Dobri Hazarbasanov1, Vasil Velchev, Bozhidar Finkov, Arman Postadjian, Emil Kostov, Nizar Rifai, Dániel Aradi.   

Abstract

Multiple studies have shown a correlation between high on-treatment platelet reactivity (HPR) and ischemic complications after percutaneous coronary interventions (PCI); however, the role of platelet reactivity testing in order to adjust clopidogrel dose is debated. We sought to determine whether a strategy incorporating platelet reactivity testing with the Multiplate analyzer to tailor the dose of clopidogrel is superior to standard clopidogrel treatment after PCI. Between May 2008 and June 2009, 192 consecutive patients undergoing PCI were randomized to a tailored treatment strategy using the Multiplate analyzer or to uniform administration of 75 mg clopidogrel. In the tailored group, platelet function was assessed 24 h after clopidogrel loading, and patients with HPR (>46 U) received an additional 600 mg loading dose and 150 mg clopidogrel thereafter for one month. The primary endpoint was the composite of cardiac death, myocardial infarction, ischemic stroke or definite/probable stent thrombosis during six months. In the tailored group, a repeated loading dose of 600 mg clopidogrel significantly decreased platelet reactivity in patients with HPR (61.0 U [IQR: 52.5-71.5] vs. 21.5 U [15.8-30.5]; P < 0.0001) that remained unchanged during the maintenance phase on 150 mg clopidogrel (25.0 U [IQR: 19.8-27.0]; P = 0.20).

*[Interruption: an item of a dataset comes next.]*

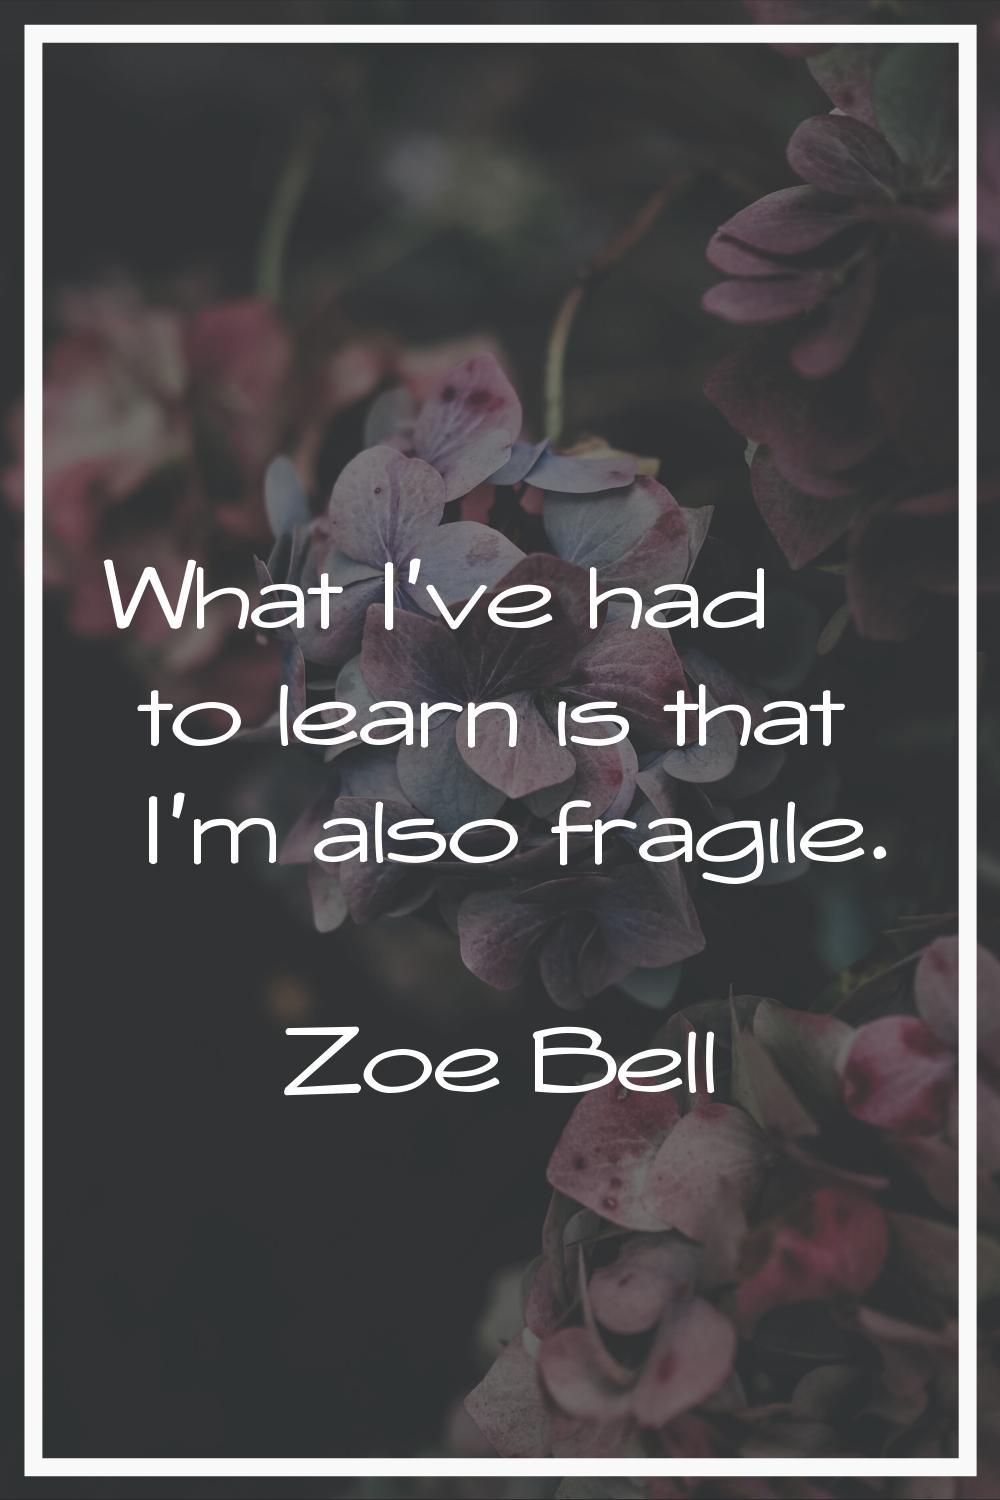 What I've had to learn is that I'm also fragile.

The incidence of the primary endpoint was significantly higher in the standard clopidogrel group as compared to the Multiplate-tailored arm (5.3% vs. 0%, P = 0.03). In parallel, MACCE-free survival significantly improved in patients with Multiplate-tailored therapy (Kaplan-Meier log-rank: P = 0.02). Increasing the dose of clopidogrel according to the Multiplate assay may reduce ischemic complications in patients on clopidogrel after PCI.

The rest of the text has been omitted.